For this, I suppose it could be a case of sticking the pieces together from whatever you can remember.
I think with those it tends to be things for which there were expectations, as opposed to interchangeable flat stages or races that aren't expected to bring the entertainment. A typical flat stage in a major race tends to be fairly formulaic, generic and only gets committed to memory if something unexpected happens (take, for example, Tony Martin being caught on the line in Cáceres because Fabian Cancellara is petty, a particularly dramatic or terrible crash which has longer implications like Groenewegen/Jakobsen in Poland, Froome and Sagan in the crosswinds, or this year's Scheldeprijs which was shockingly good), or as part of an overall statistic (e.g. Mark Cavendish won 6 stages of the 2009 Tour de France). You don't expect many sprint stages to be memorable, so when the formula is broken, those tend to be memorable. By contrast, the mountain stages and key classics tend to be relied on for action, and so when they deliver little, that can be particularly memorable too. In general, a mountain stage will have more action than a flat stage, and so a flat stage usually over-delivers, whereas it's much easier for a mountain stage to under-deliver because expectation is higher. They can still over-deliver plenty (take Fuente Dé, Formigal 2016 or the Dauphiné stage to Courchevel when Talansky won the GC) even when they are stages with high expectations (take Granon this year as a perfect example - was always going to be a tough stage because of the climbs involved, but expected attrition + bloodbath on Granon turned into a bloodbath far earlier and was far more dramatic for longer) - but they have more chance of being committed to memory for dullness (Giau 2012, Aigoual 2020) than an equivalent stage which was not expected to deliver action.

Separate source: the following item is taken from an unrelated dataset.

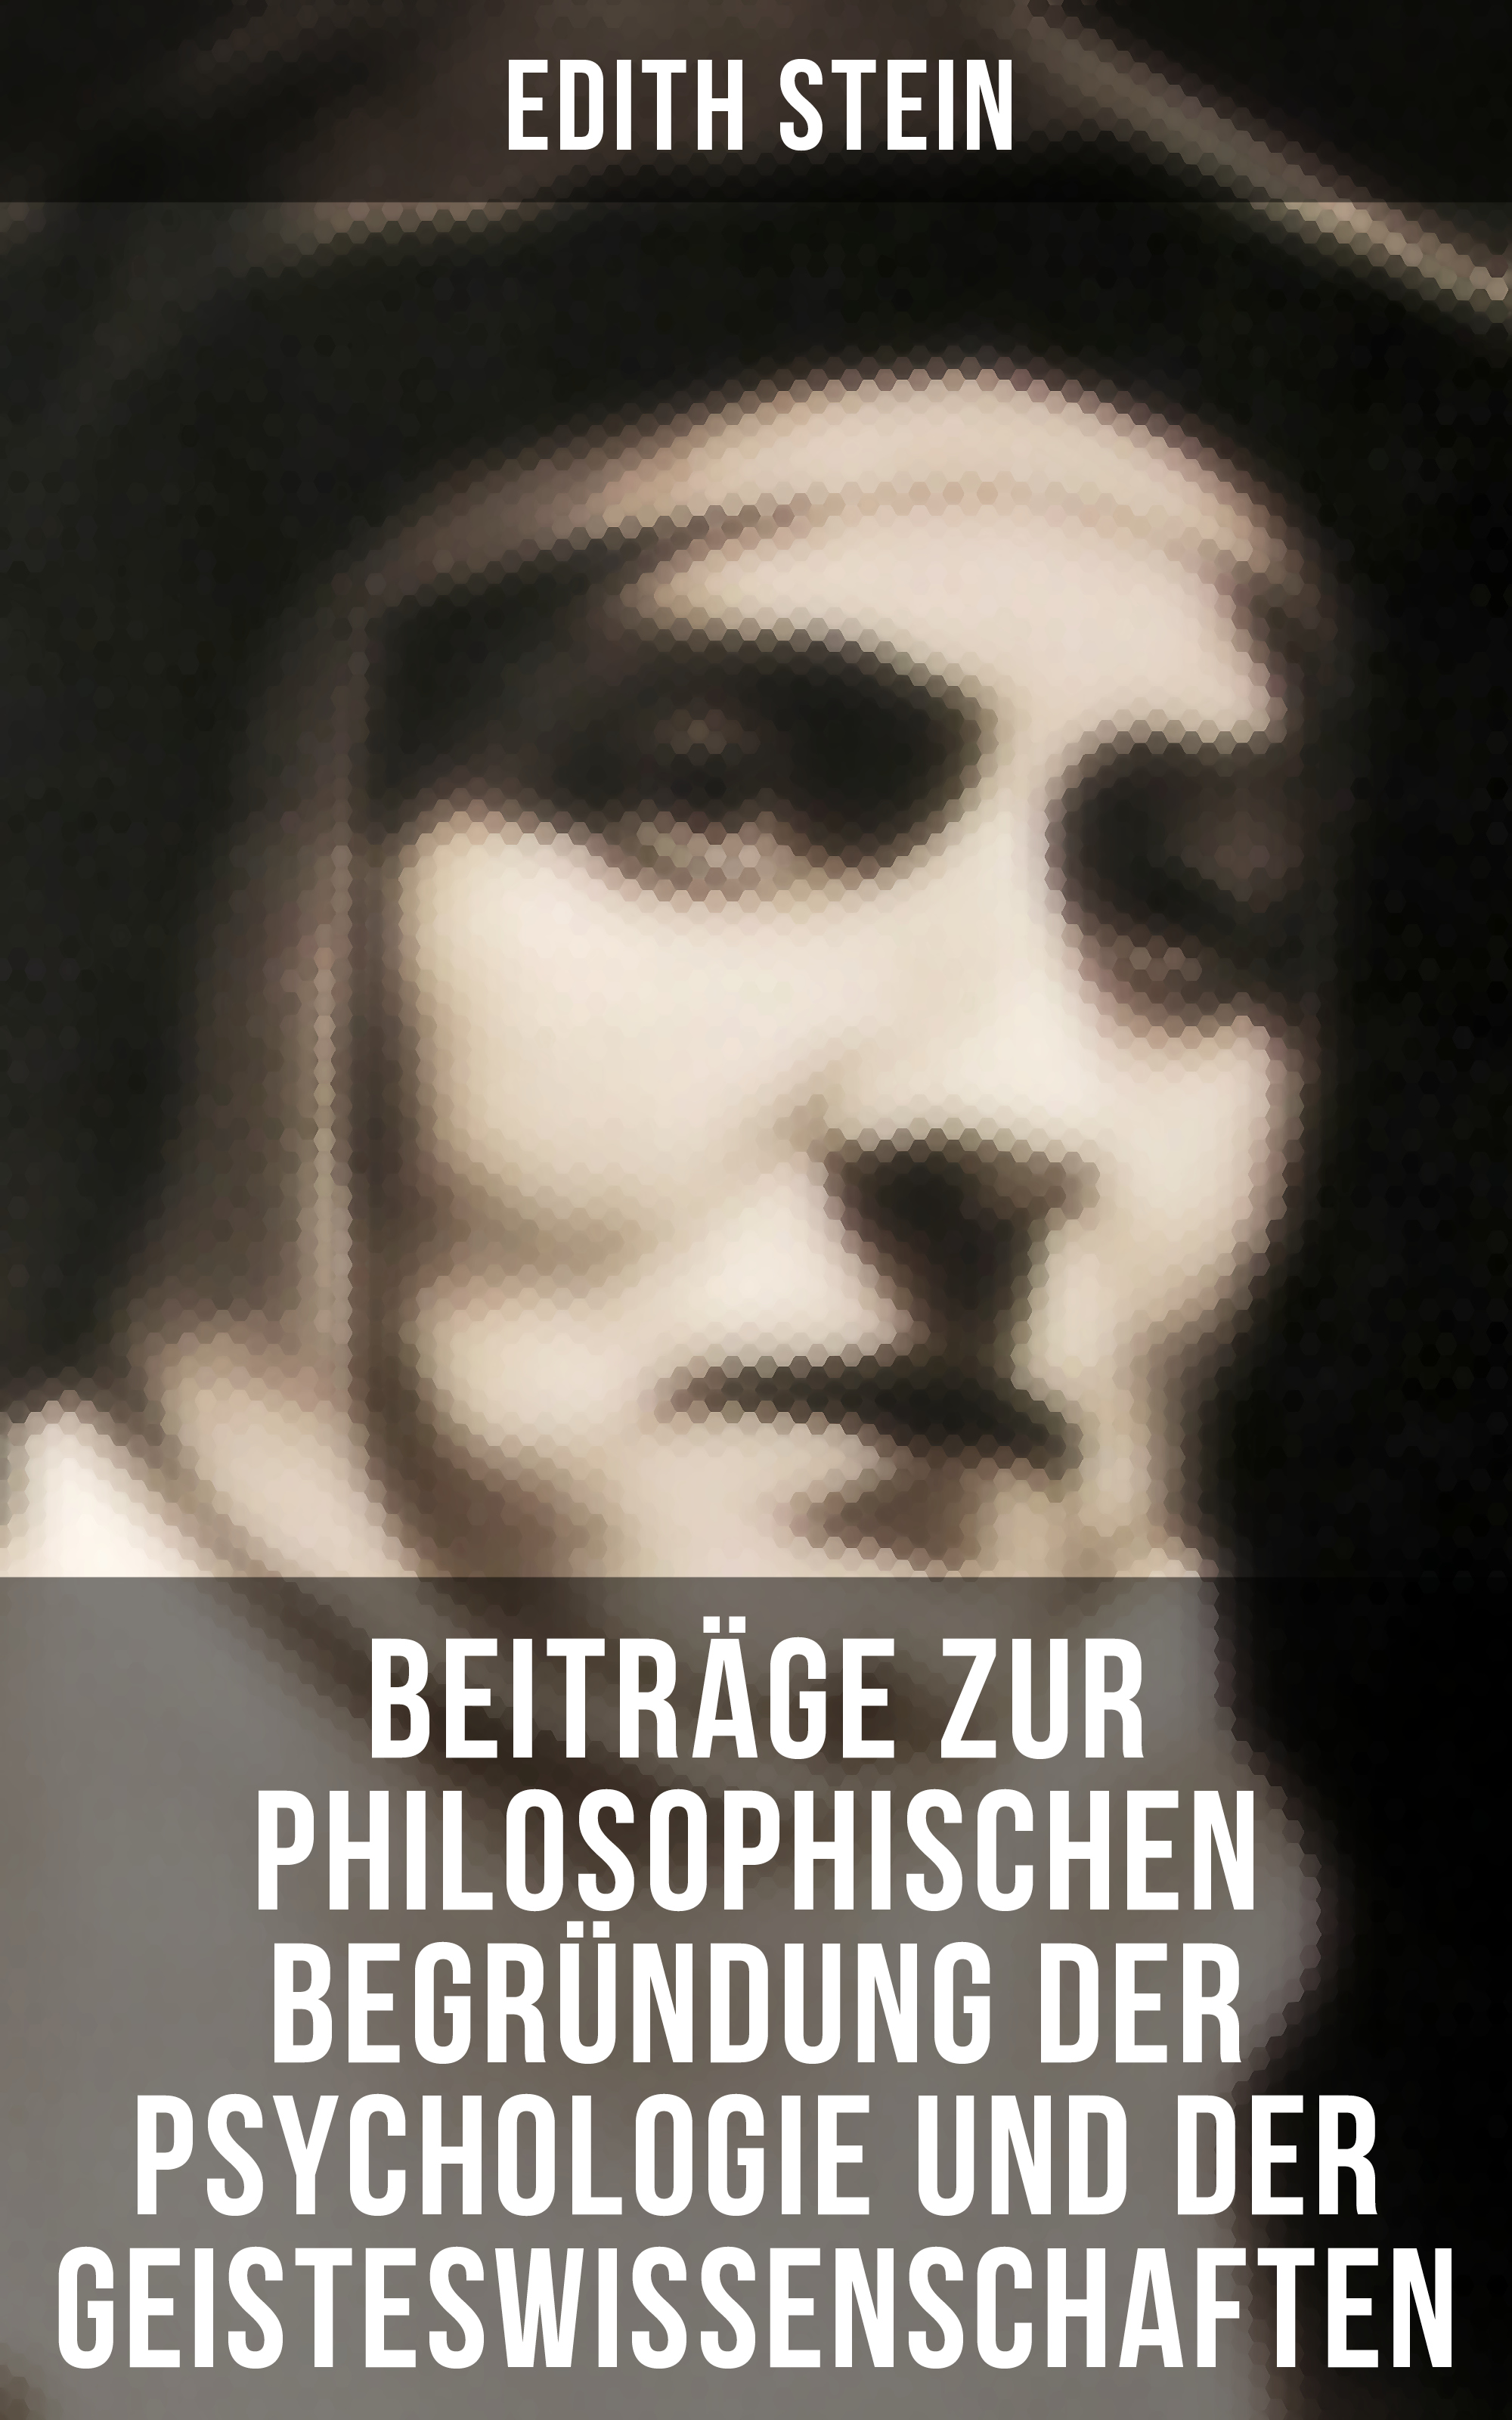 Edith Stein Edith Stein: Beiträge zur philosophischen Begründung der Psychologie und der Geisteswissenschaften highsmith p edith s diary isbn 9780349004556

As a result, races where the mountains are particularly neutered by the organisers (say, the 2009 Tour de Suisse) can go down as a historically bad edition of the race and be memorable as such, but if that same parcours was presented by something like the UAE Tour where a decent length TT and two Unipuerto stages is fairly decent use of the terrain, it wouldn't be criticised so much. And races where the mountains are neutered by the péloton (say, the 2012 Giro d'Italia) tend to be especially poorly-regarded. That's a large part of the "every parcours sucks" position: as we can never know which riders are going to show up at the time the parcours is unveiled, the organisers should legislate for the worst case scenario - that the 2012 Giro d'Italia péloton turns up - and design accordingly.